__Activity__
Return the lines of the material below exactly, beginning with the line that has "Billede af Lego" in it and finishing with the line that has "Kerbal Space Program" in it. Leave all pictures aside.

__Task input__
# # # # #

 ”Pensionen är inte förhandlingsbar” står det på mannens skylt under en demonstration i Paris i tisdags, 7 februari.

# # # # #

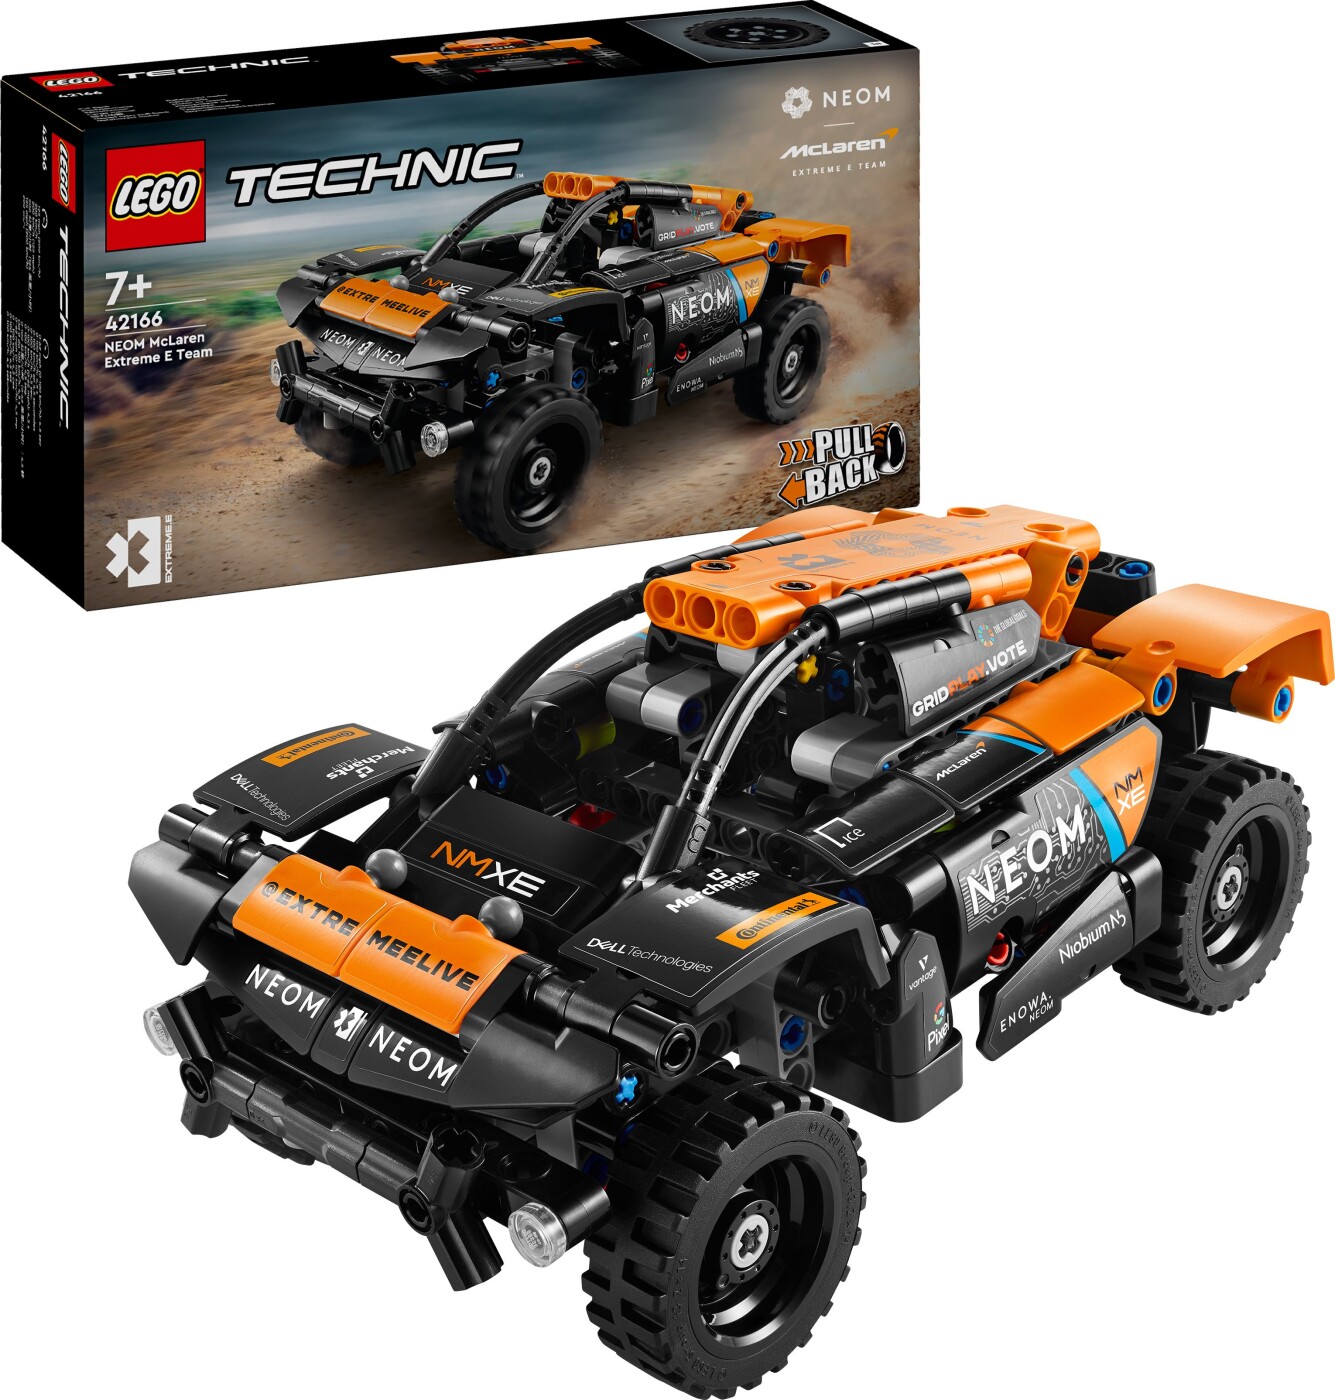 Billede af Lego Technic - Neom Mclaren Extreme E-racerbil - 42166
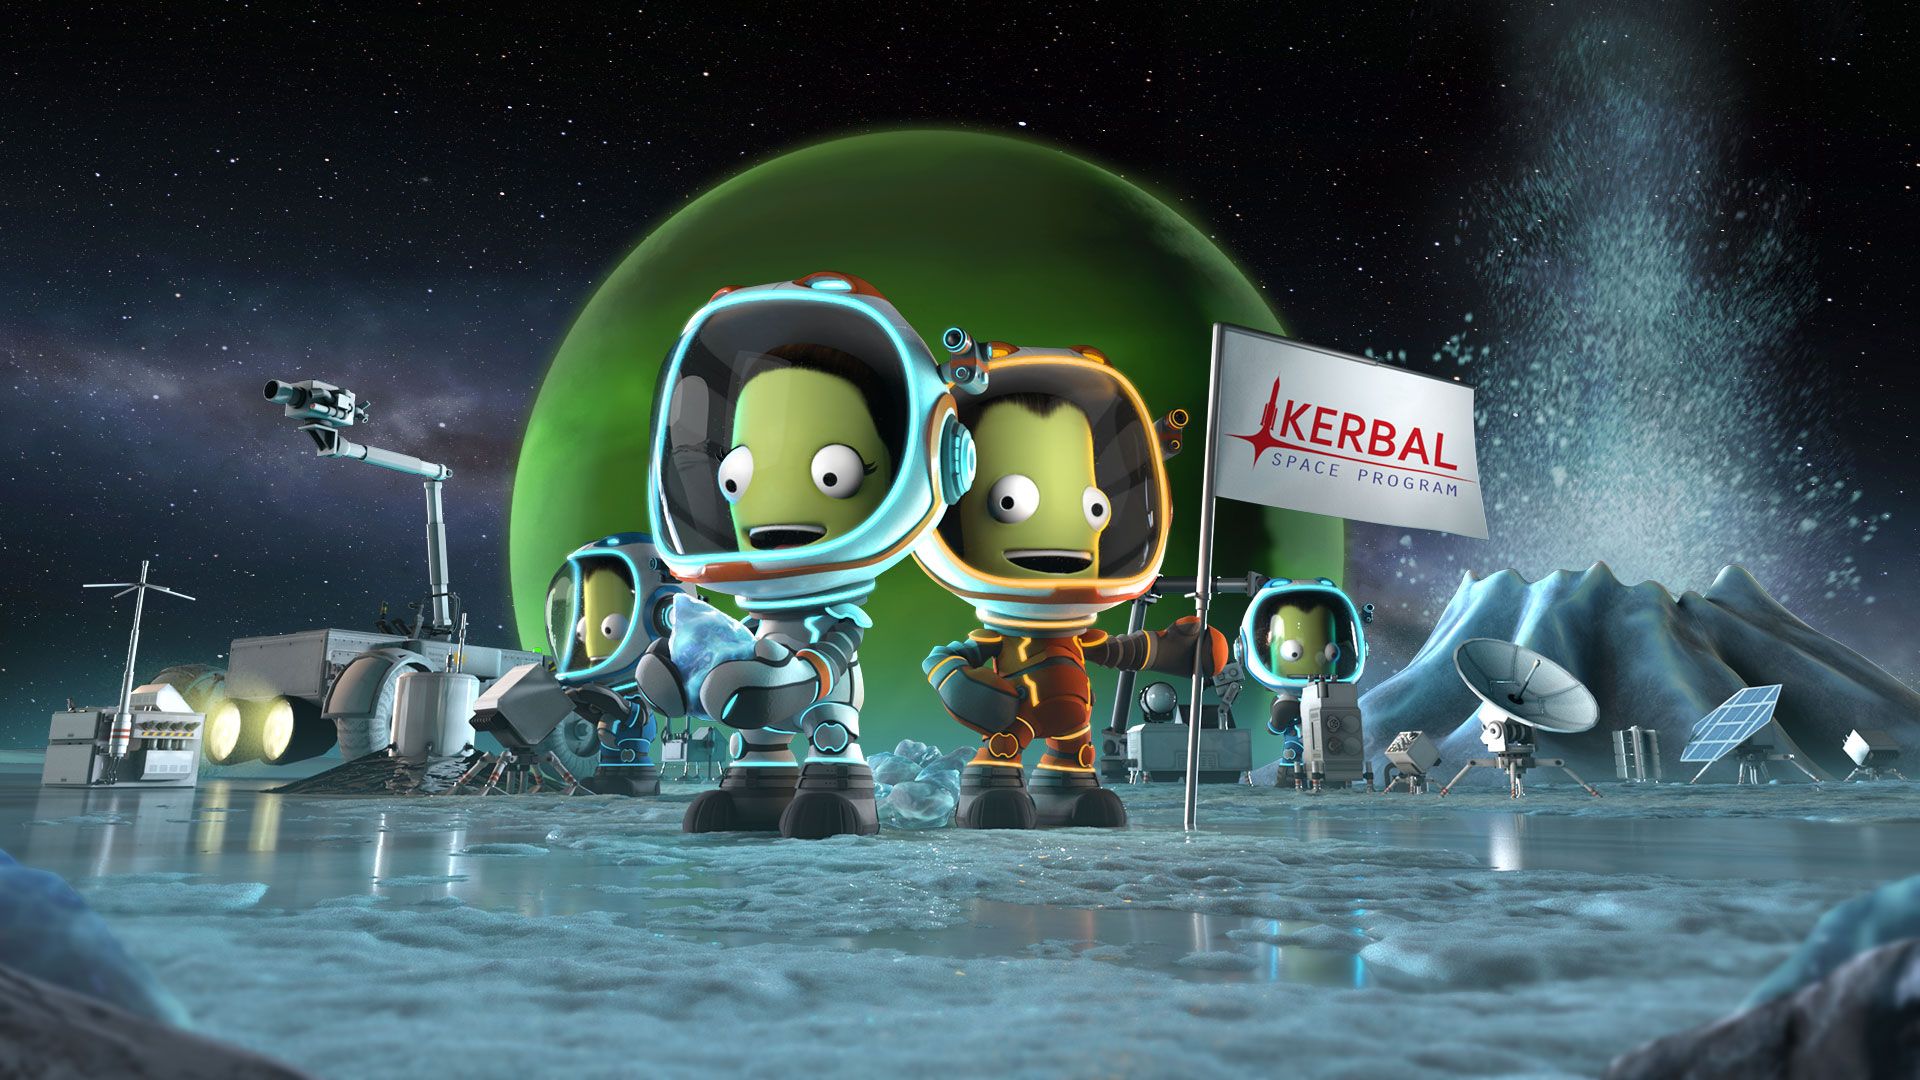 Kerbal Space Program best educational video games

# # # # #

__Task solution__
 Billede af Lego Technic - Neom Mclaren Extreme E-racerbil - 42166
 Kerbal Space Program best educational video games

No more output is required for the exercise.